In [1]:
import random
from datetime import datetime
import numpy as np
import pandas as pd
import torch
from sklearn.model_selection import StratifiedKFold
from sklearn.metrics import roc_auc_score
from torch import nn, optim
from torch.utils.data import DataLoader, TensorDataset
from tqdm import tqdm
import gc

# 1. 시드 및 장치 설정
def seed_everything(seed):
    random.seed(seed)
    np.random.seed(seed)
    torch.manual_seed(seed)
    torch.backends.cudnn.deterministic = True
    torch.backends.cudnn.benchmark = False

seed_everything(0)
DEVICE = torch.device("mps") if torch.backends.mps.is_available() else torch.device("cpu")

# 2. 데이터 로드 및 전처리
drop_list = ['QaE', 'QbE', 'QcE', 'QdE', 'QeE', 'QfE', 'QgE', 'QhE', 'QiE', 'QjE',
             'QkE', 'QlE', 'QmE', 'QnE', 'QoE', 'QpE', 'QqE', 'QrE', 'QsE', 'QtE',
             'index', 'hand']
replace_dict = {'education': str, 'engnat': str, 'married': str, 'urban': str}

train_data = pd.read_csv('../../data/raw/train.csv')
test_data = pd.read_csv('../../data/raw/test_x.csv')
train_data = train_data.drop(train_data[train_data.familysize > 50].index)

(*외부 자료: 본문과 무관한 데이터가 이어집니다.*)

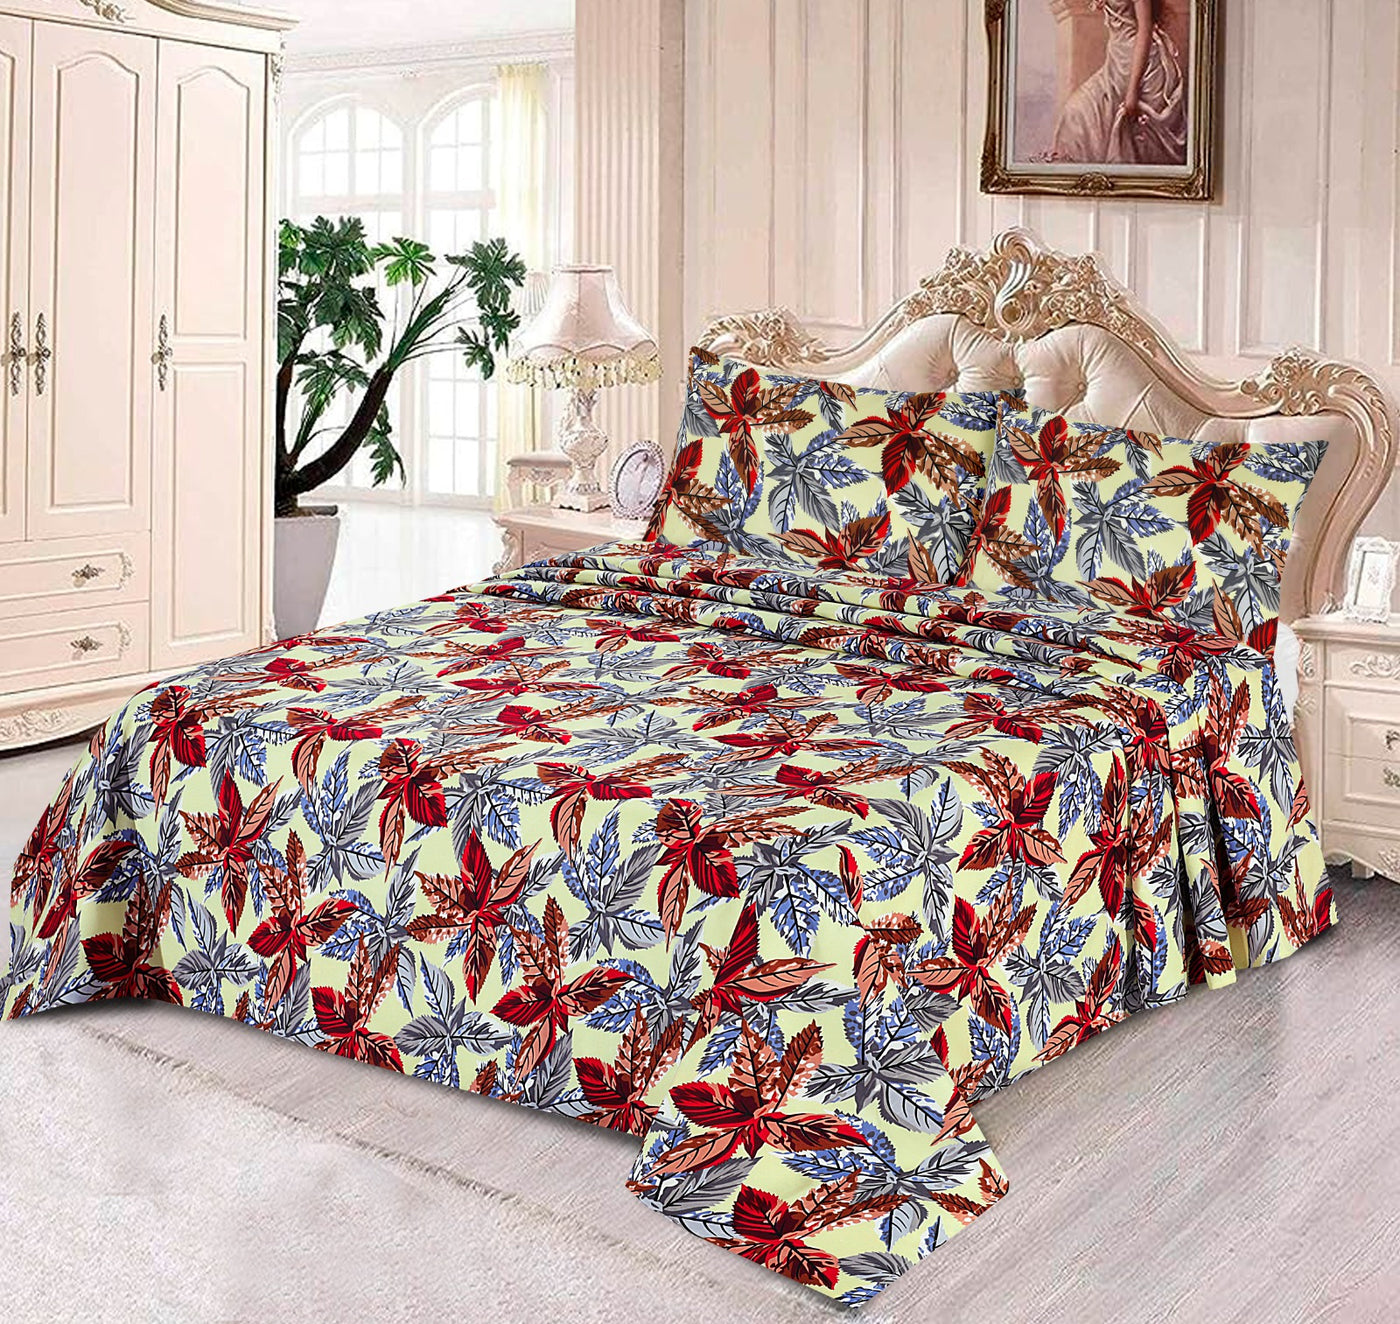 Beauty of King- Bed Sheet Set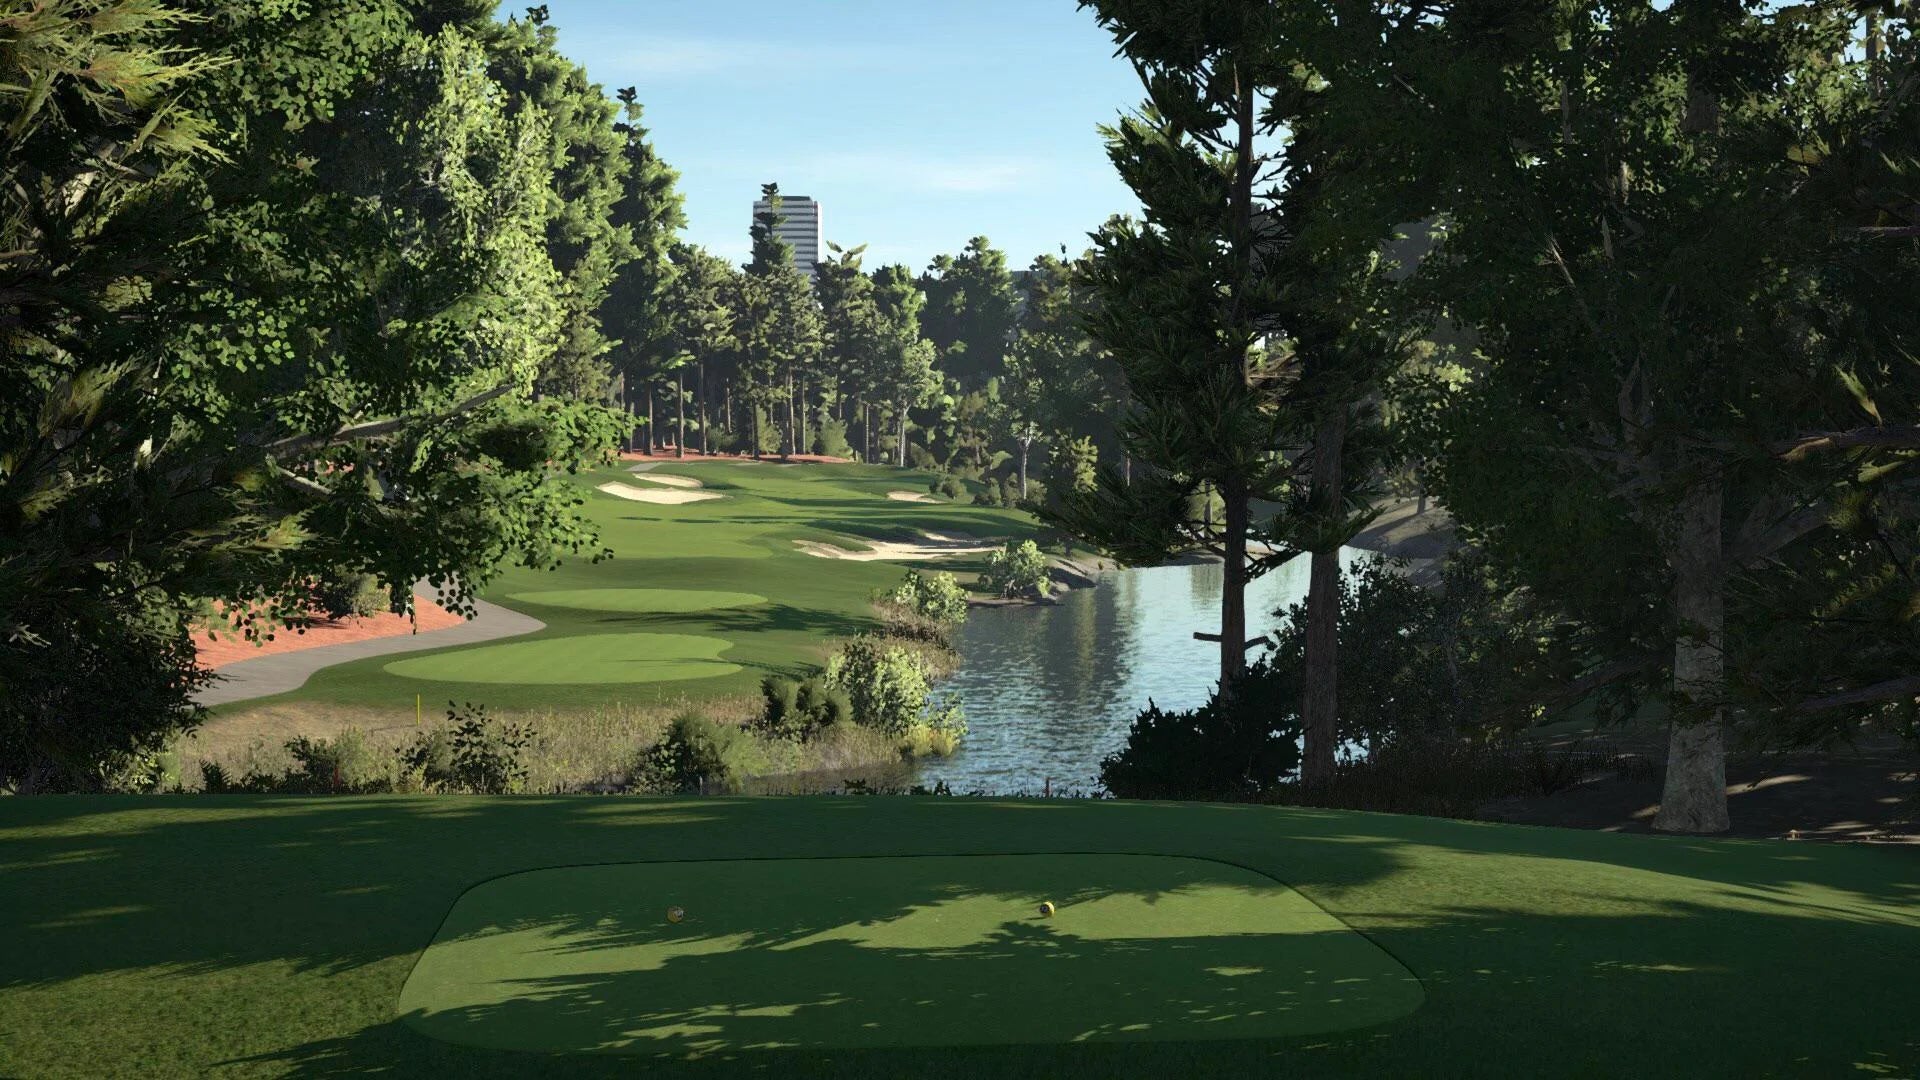 TGC2019 Golf Simulator Software

train_y = train_data['voted']
train_x = train_data.drop(drop_list + ['voted'], axis=1)
test_x = test_data.drop(drop_list, axis=1)

train_x = train_x.astype(replace_dict)
test_x = test_x.astype(replace_dict)
train_x = pd.get_dummies(train_x)
test_x = pd.get_dummies(test_x)

# Baseline 특유의 타겟 처리 (1->1, 2->0)
train_y = 2 - train_y.to_numpy()
train_x = train_x.to_numpy().astype(float) 
test_x = test_x.to_numpy().astype(float)

# 텐서 변환 및 수동 스케일링
train_y_t = torch.tensor(train_y, dtype=torch.float32)
train_x_t = torch.tensor(train_x, dtype=torch.float32)
test_x_t = torch.tensor(test_x, dtype=torch.float32)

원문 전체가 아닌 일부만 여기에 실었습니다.